(Data to examine begins)

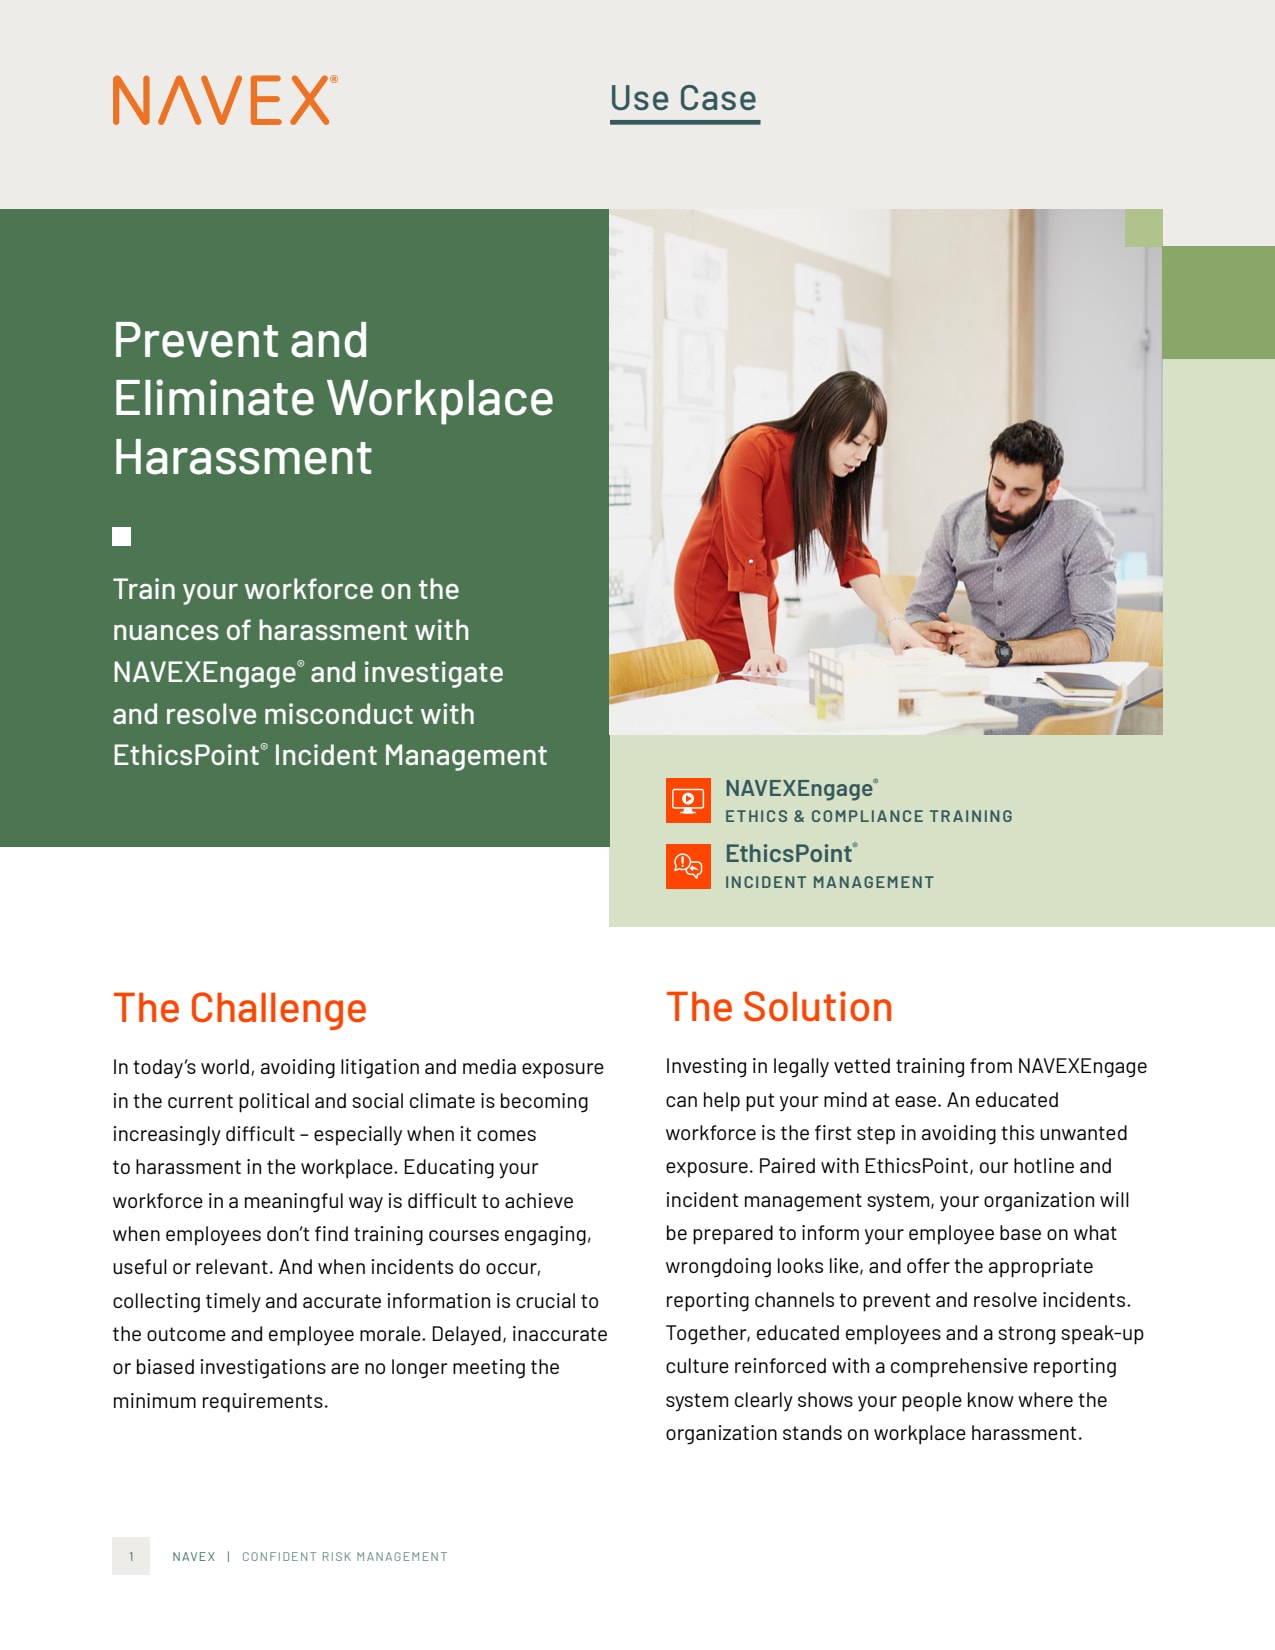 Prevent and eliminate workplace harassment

(Data to examine ends)
(Data to examine begins)

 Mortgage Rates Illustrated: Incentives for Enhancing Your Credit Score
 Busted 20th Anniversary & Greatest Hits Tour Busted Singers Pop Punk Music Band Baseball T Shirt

(Data to examine ends)
(Data to examine begins)

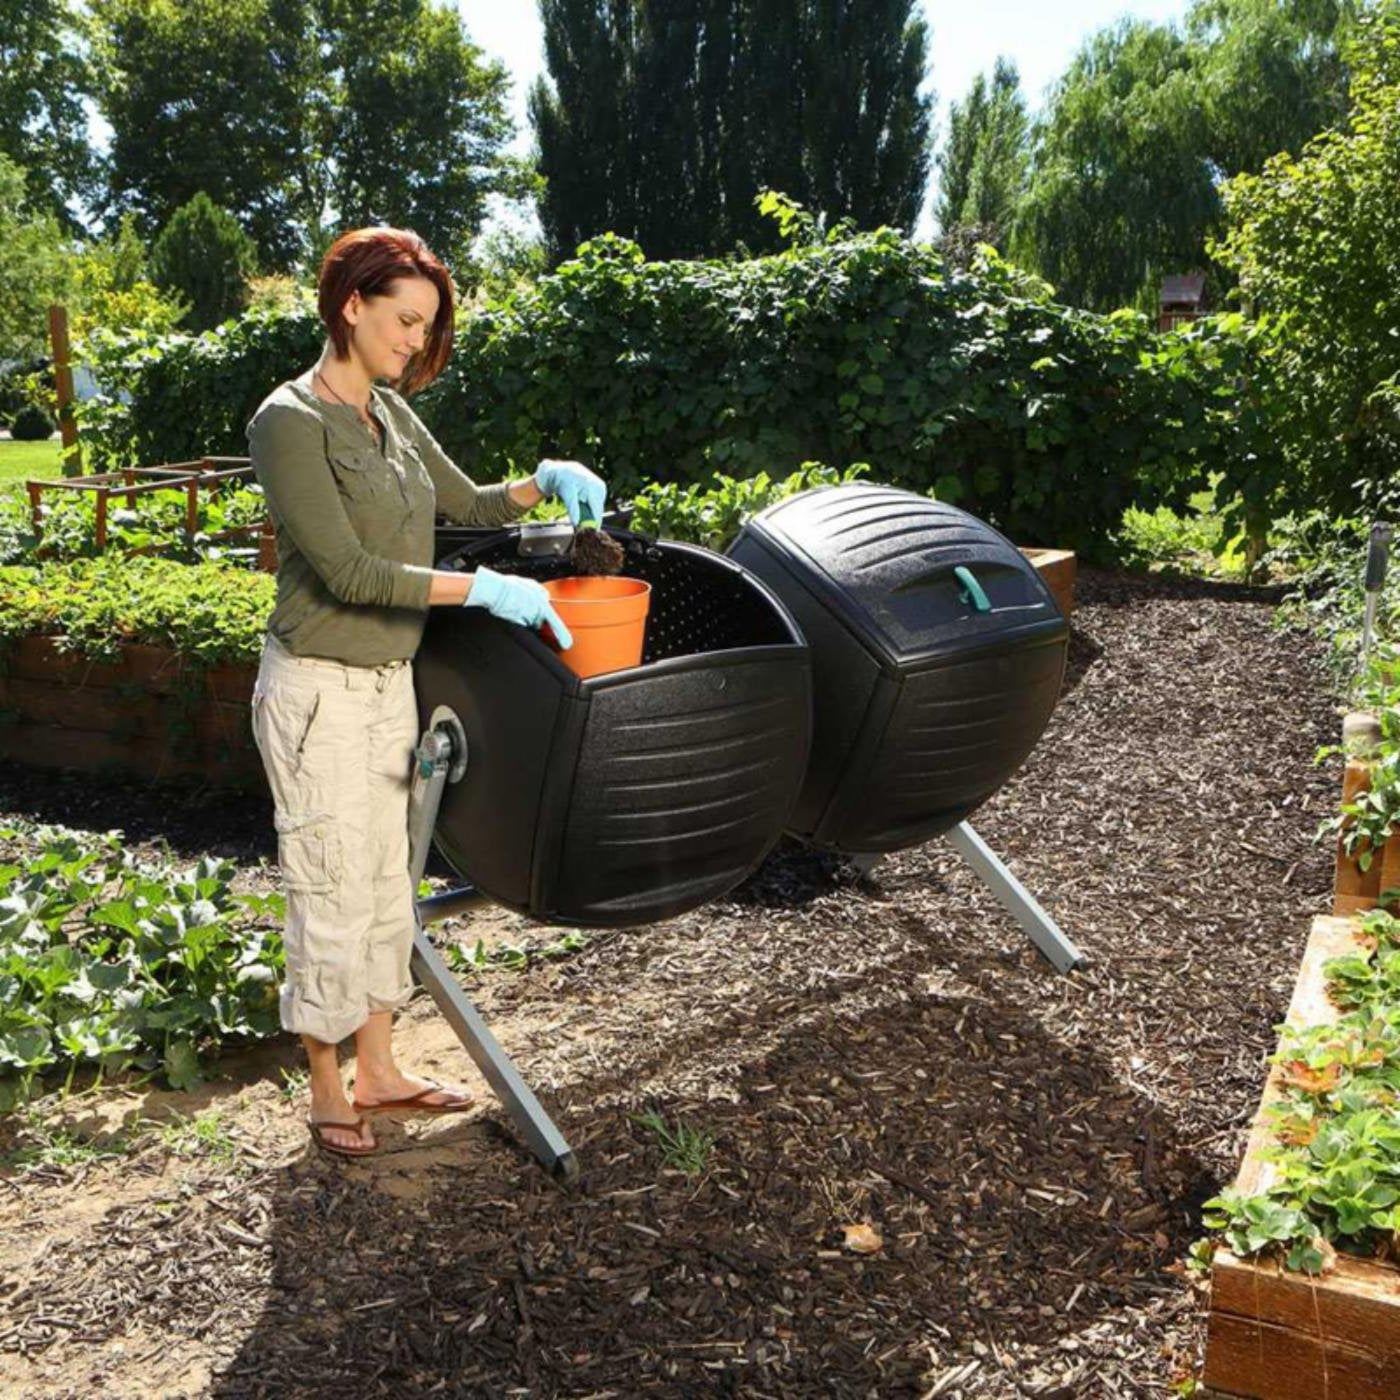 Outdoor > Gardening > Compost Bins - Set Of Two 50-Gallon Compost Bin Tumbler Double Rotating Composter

(Data to examine ends)

**Your instructions:** Taking the material above, extract exactly and only the lines from the line with "Mortgage Rates Illustrated: Incentives" to the line with "Busted 20th Anniversary", inclusive of both.

**Your solution:**
 Mortgage Rates Illustrated: Incentives for Enhancing Your Credit Score
 Busted 20th Anniversary & Greatest Hits Tour Busted Singers Pop Punk Music Band Baseball T Shirt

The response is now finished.